§ **WHAT TO WORK ON**
Leave every picture out and return the rest of the listing verbatim.

§ **SUPPLIED INFORMATION**
/---
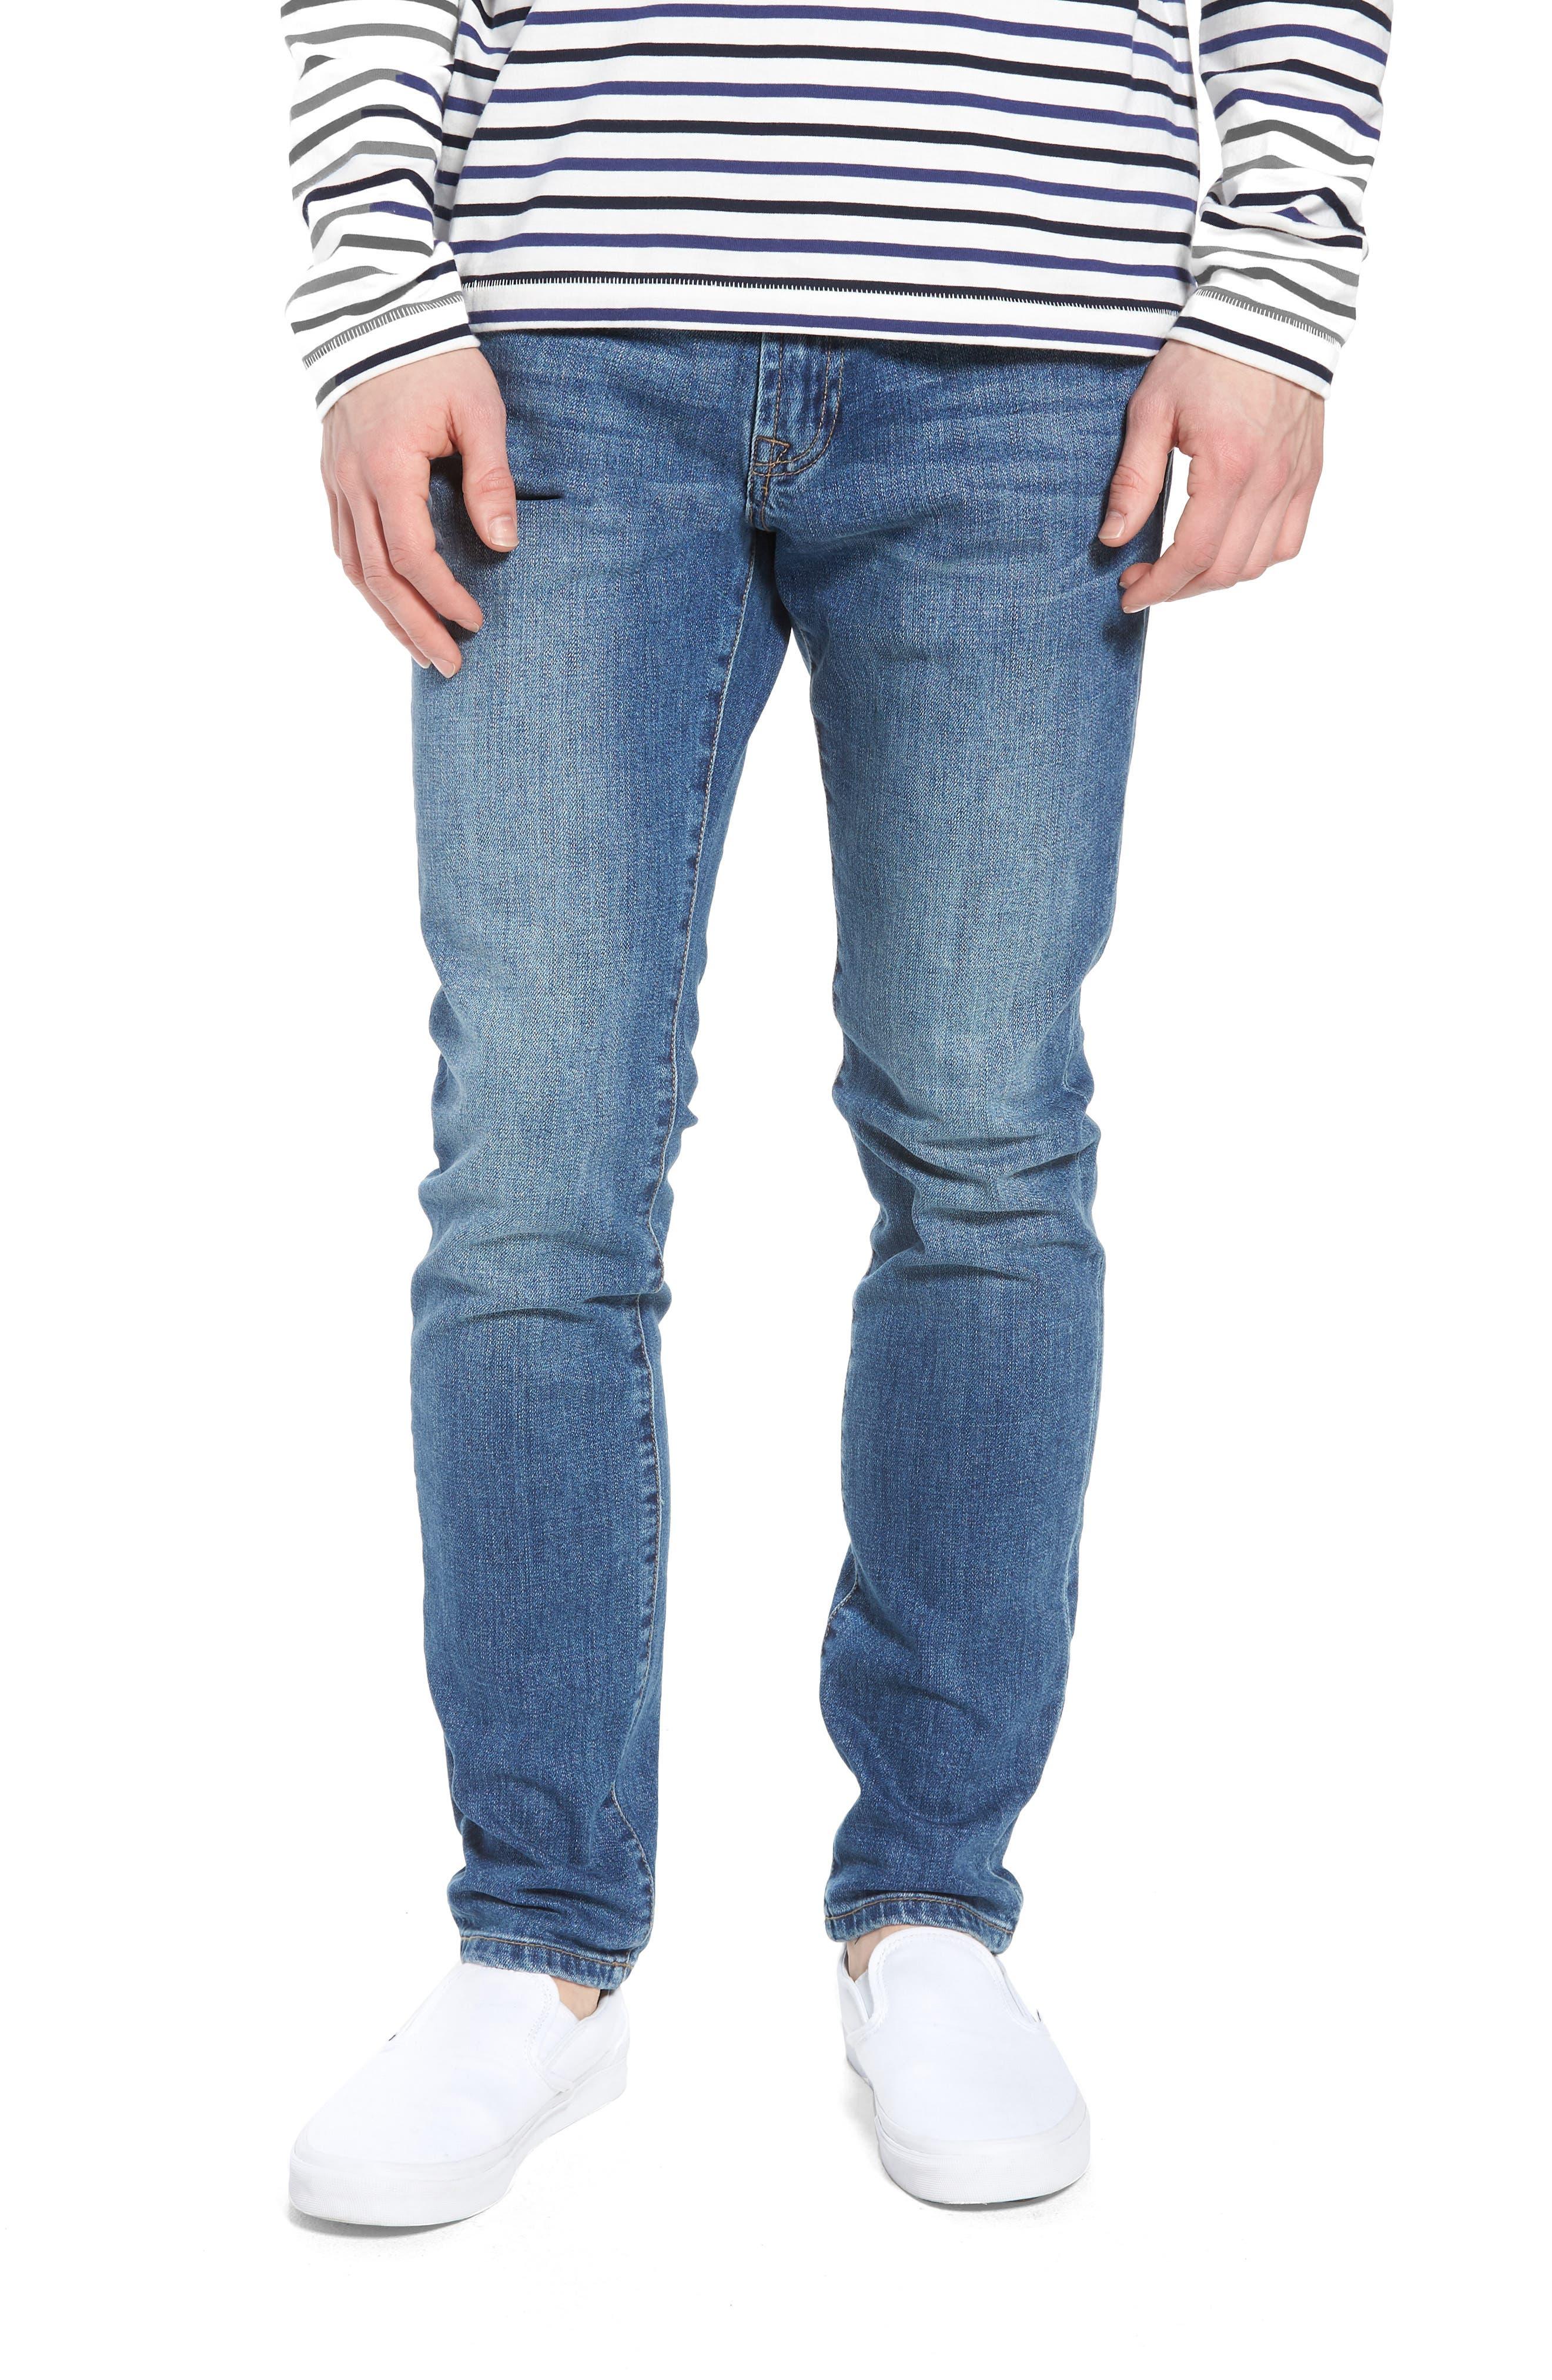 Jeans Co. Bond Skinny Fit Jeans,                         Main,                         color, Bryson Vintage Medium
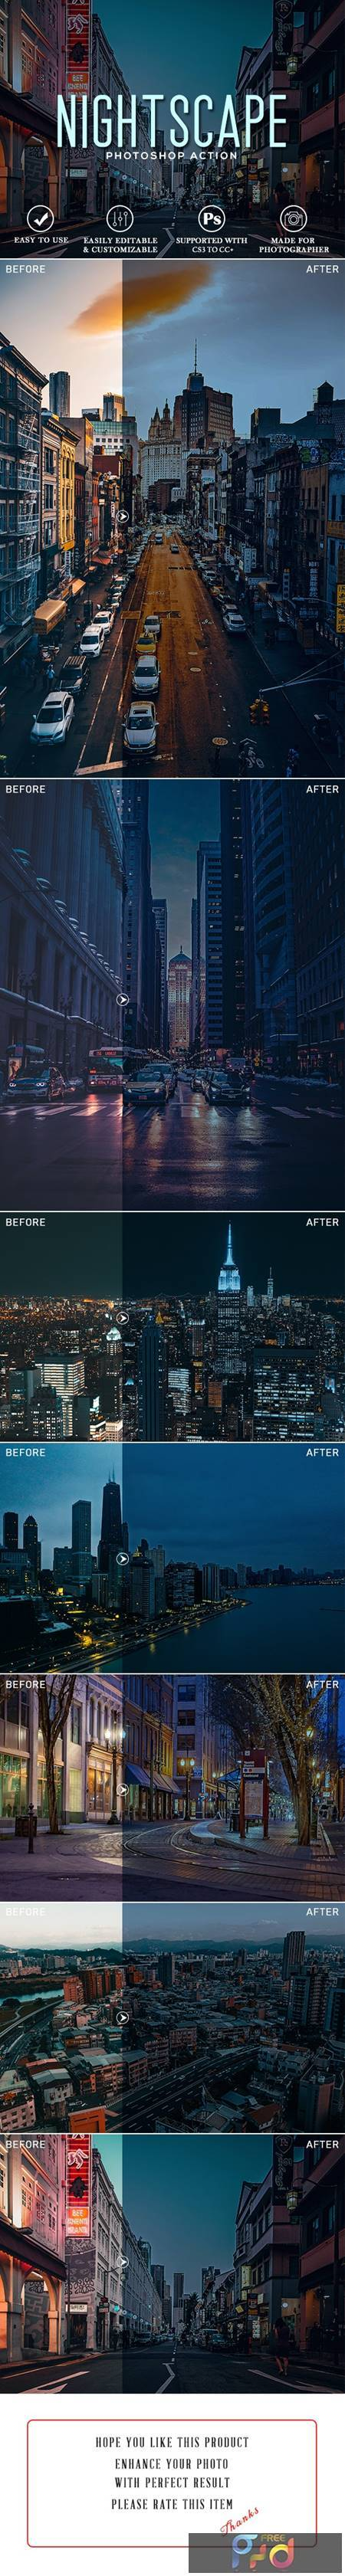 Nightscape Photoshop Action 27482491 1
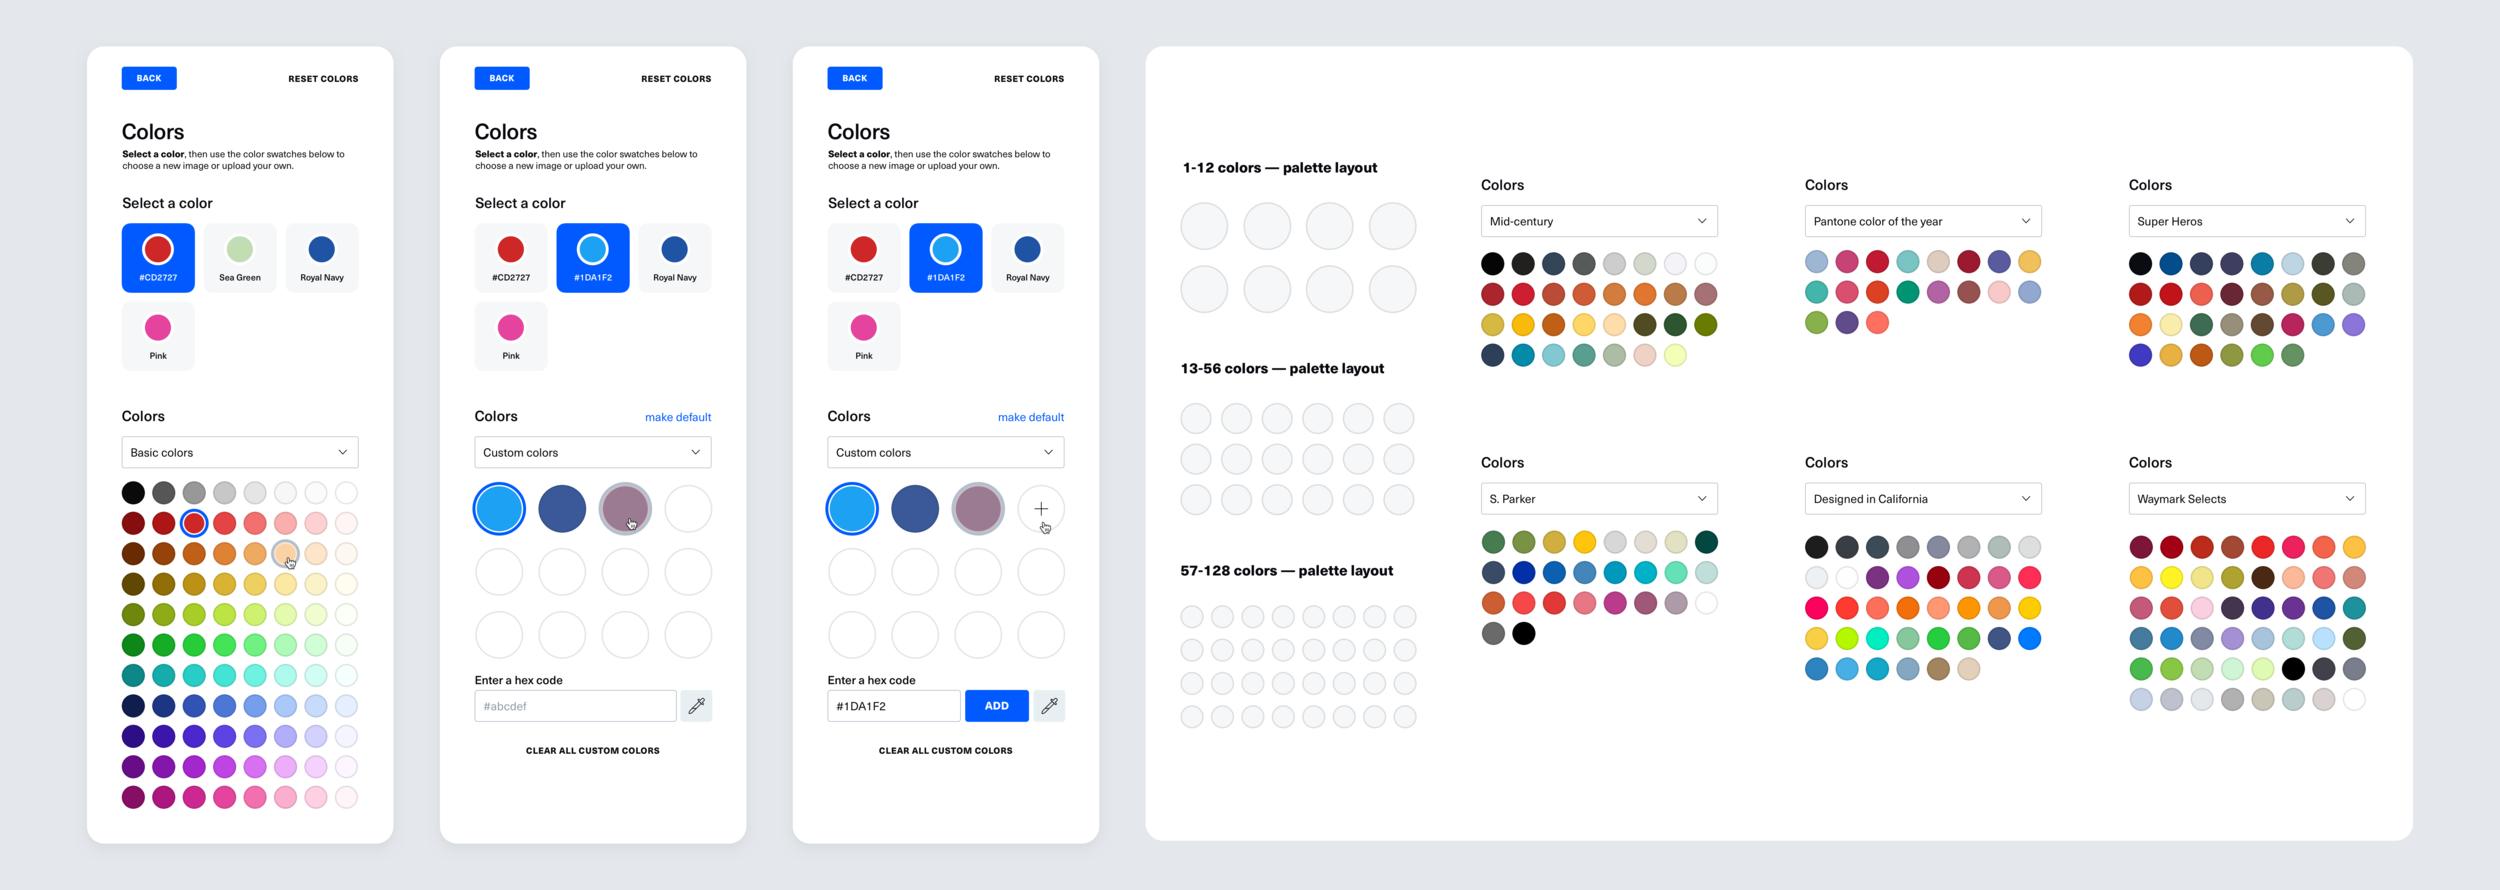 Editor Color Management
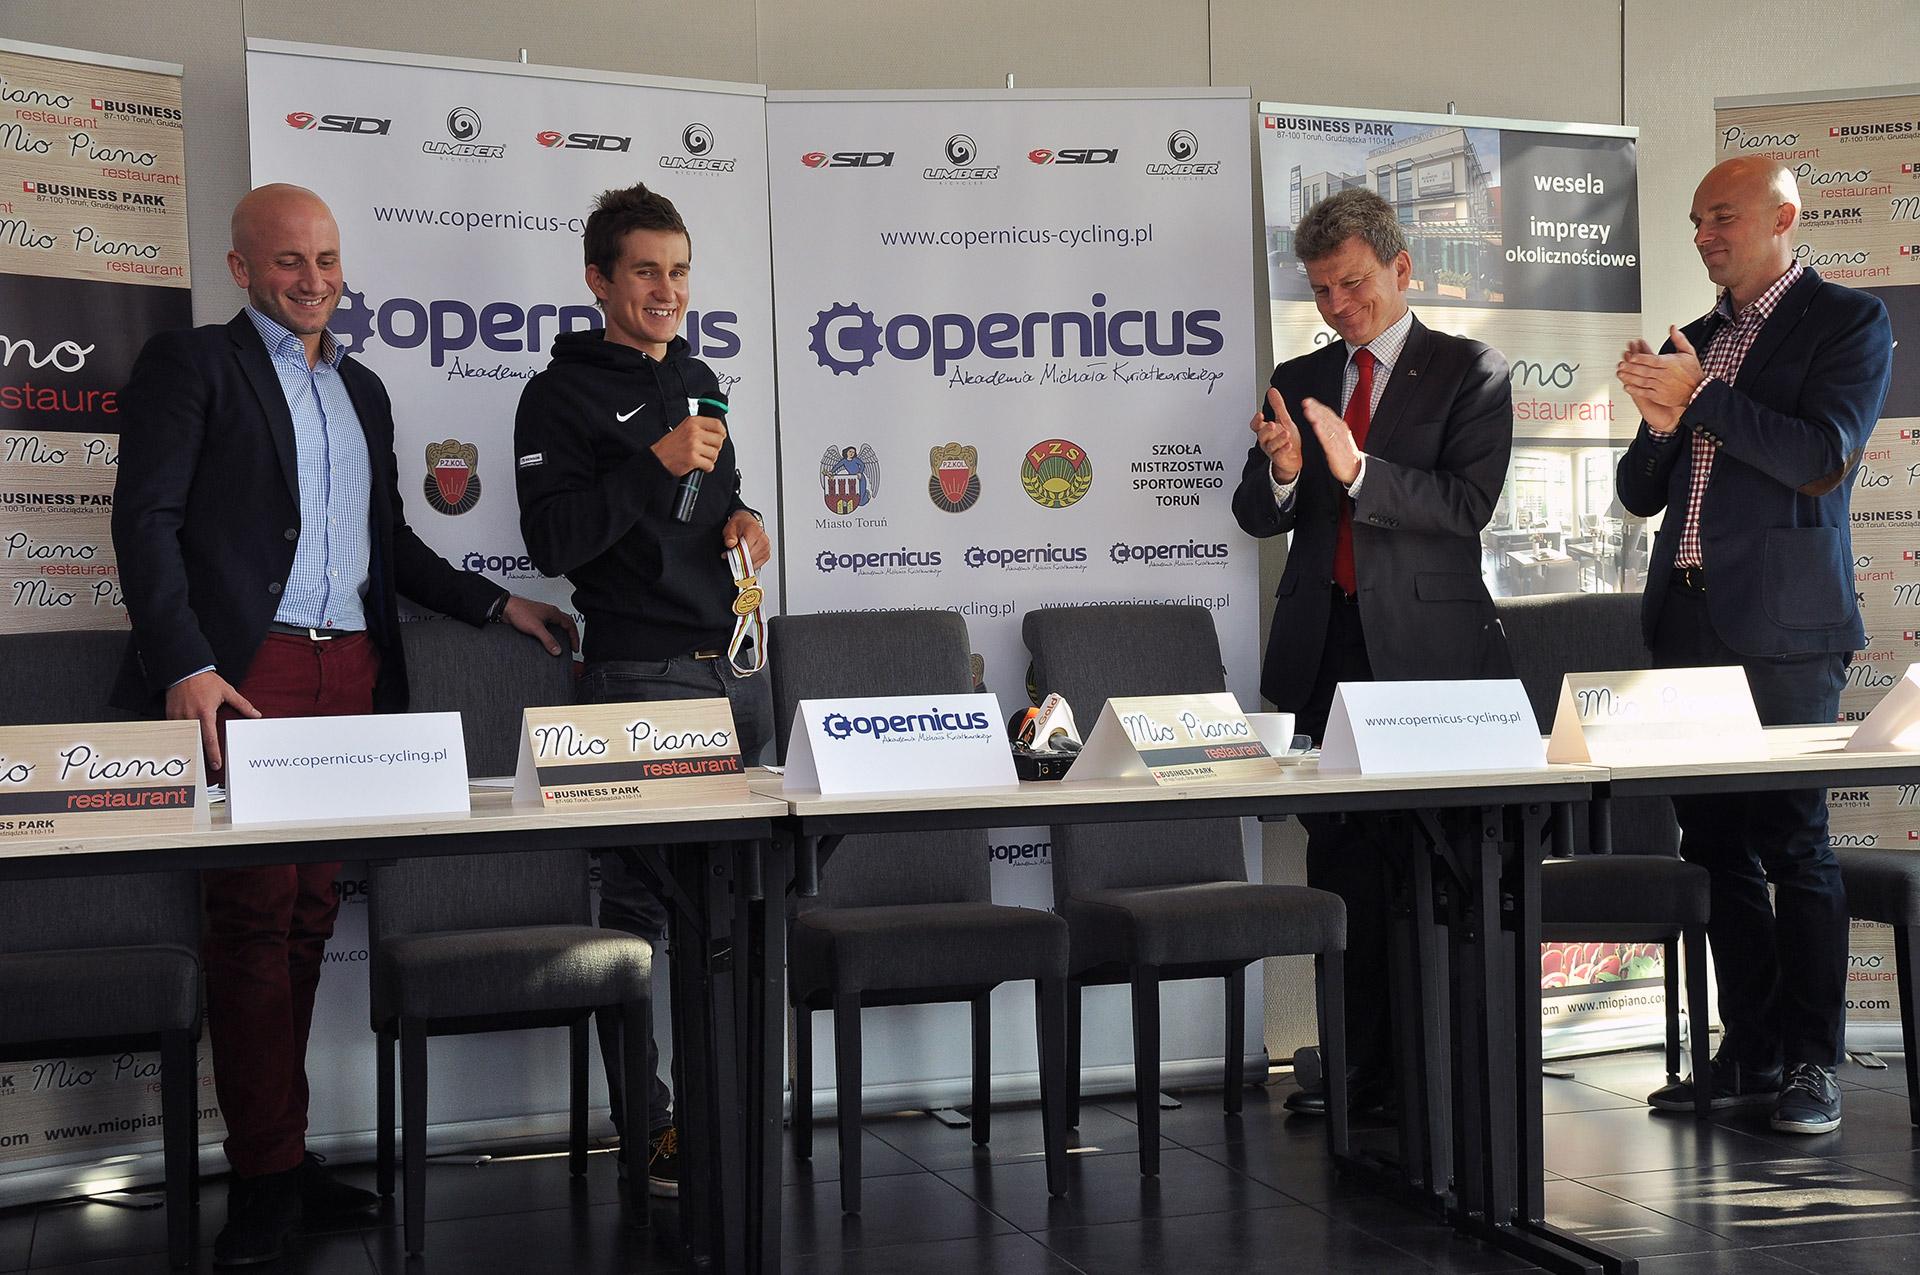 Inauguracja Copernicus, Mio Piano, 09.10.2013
\---
§ **SOLUTION**
 Jeans Co. Bond Skinny Fit Jeans,                         Main,                         color, Bryson Vintage Medium
 Nightscape Photoshop Action 27482491 1
 Editor Color Management
 Inauguracja Copernicus, Mio Piano, 09.10.2013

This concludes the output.